Recent studies have demonstrated the effectiveness and safety of infliximab biosimilars in patients with IBD, but there are limited data about the effectiveness and safety of switching from infliximab to CT-P13 in these patients.
Dr. Maria Chaparro of the University Hospital La Princesa, in Madrid, Spain and colleagues evaluated outcomes of IBD in their retrospective study of 277 patients who continued taking infliximab versus 199 patients treated at centers that switched from infliximab to CT-P13 as a general practice for all their patients.

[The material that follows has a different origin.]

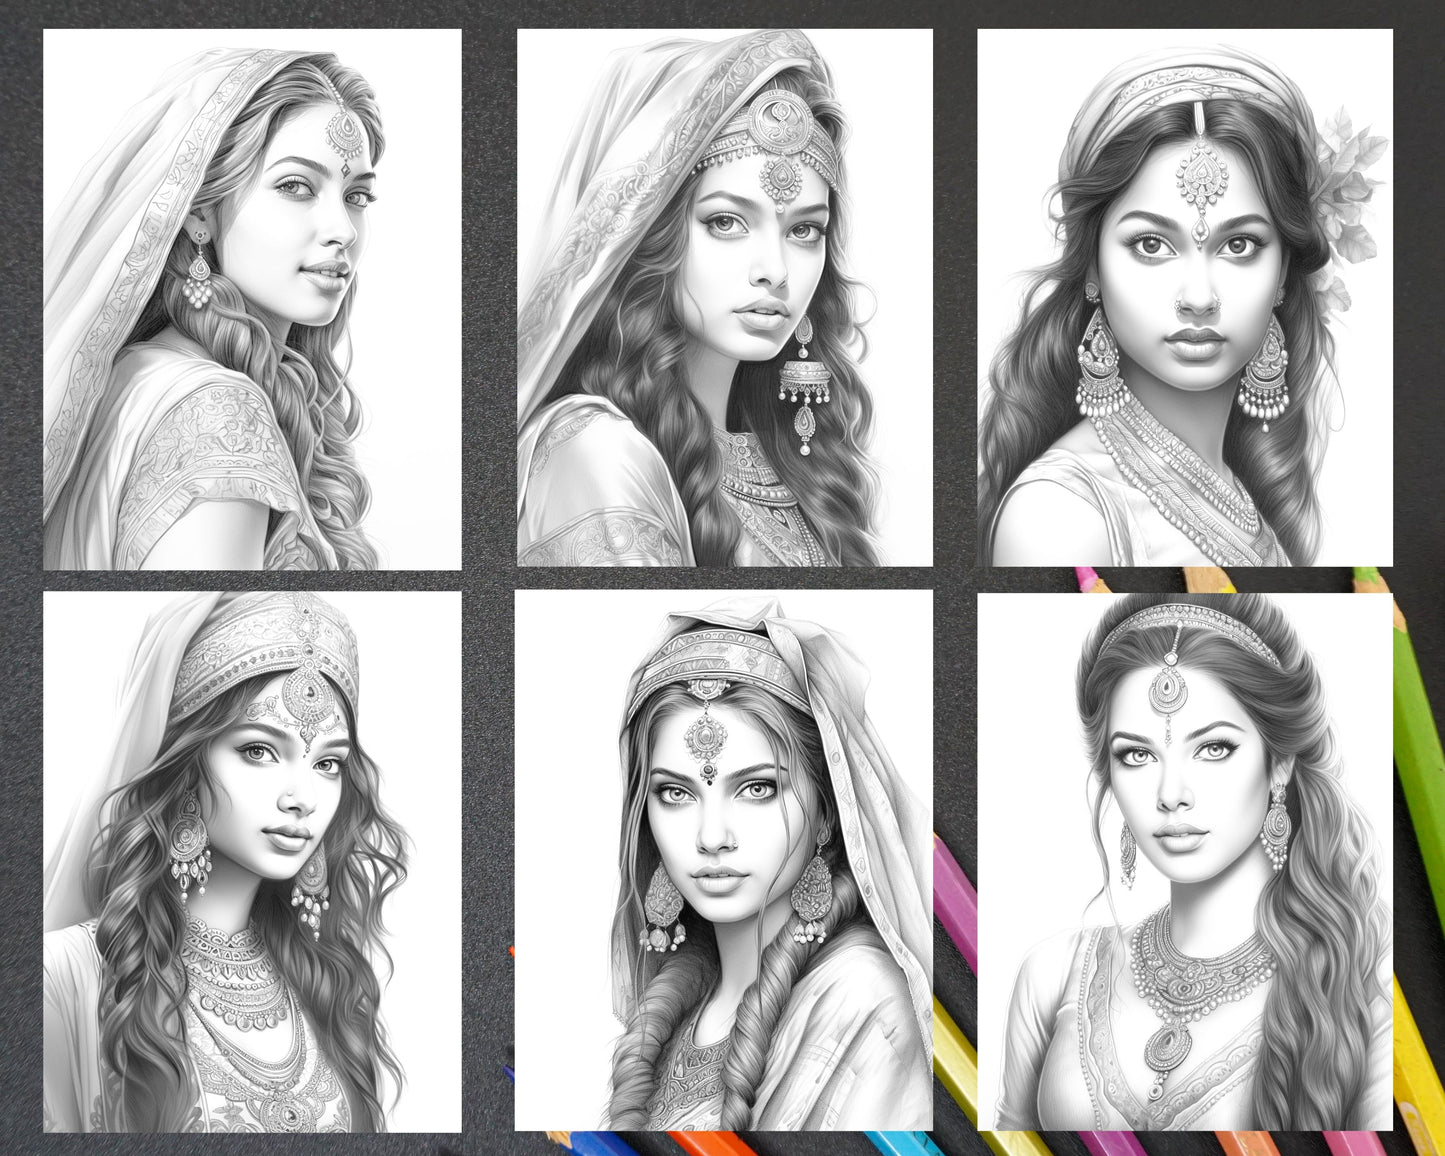 Indian Women Grayscale Coloring Pages, Stress Relief Adult Coloring Sheets, Mindful Coloring Activities for Relaxation, Detailed India Inspired Coloring Designs, Women Empowerment Coloring Pages, Portrait Coloring Pages for Adults
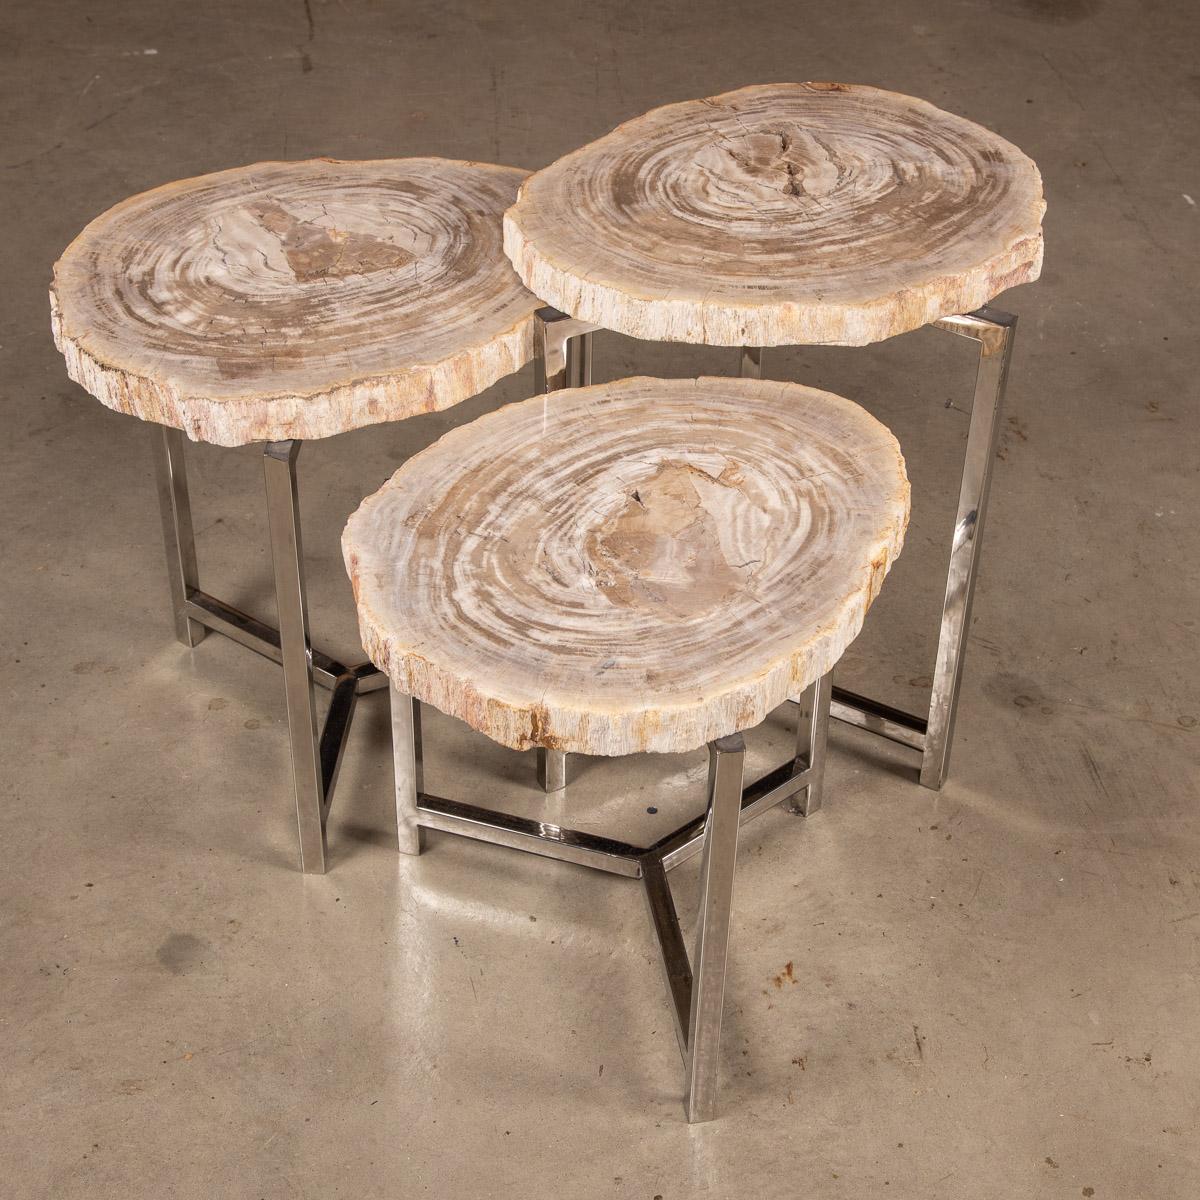 fossil tables

During a median follow-up of 18 months in the switch group and 23 months in the continuation group, the incidence of clinical relapse was significantly higher in the switch group (14% per patient-year) than in the continuation group (5% per patient-year).
The cumulative incidences of relapse in the CT-P13 group were 5% at six months, 14% at 12 months and 28% at 24 months, compared with 2%, 4% and 10%, respectively, in the continuation group.
In multivariate analysis, switching from infliximab to CT-P13 was the only factor significantly associated with higher risk of relapse (hazard ratio, 3.5), the researchers report in the Journal of Crohn’s and Colitis, online April 12.
Median C-reactive protein (CRP) concentrations did not differ between the groups at baseline or at the end of follow-up, although CRP concentrations were higher at the end of follow-up in patients who relapsed than in those who continued in remission.
The proportion of patients experiencing adverse events was significantly higher in the continuation group (13%) than in the switching group (6%).
The researchers attribute the higher clinical relapse rate in the face of similar CRP concentrations after switching to CT-P13 to a possible nocebo effect resulting from concerns of patients and physicians about the safety and efficacy of biosimilar agents.
“The introduction of biosimilar agents as a treatment option for IBD patients could achieve substantial cost saving for health care systems,” they note. “However, given the significant impact that nocebo effects can have on patients’ quality of life and health services, it is important to develop interventions to minimize the appearance of these effects.”
“With new biosimilar agents entering the market in the near future, specific programs based on gain share agreements should be developed to ensure that all stakeholders are convinced and motivated to accept the switch with the consequent benefits to the patients and the health system,” the authors conclude.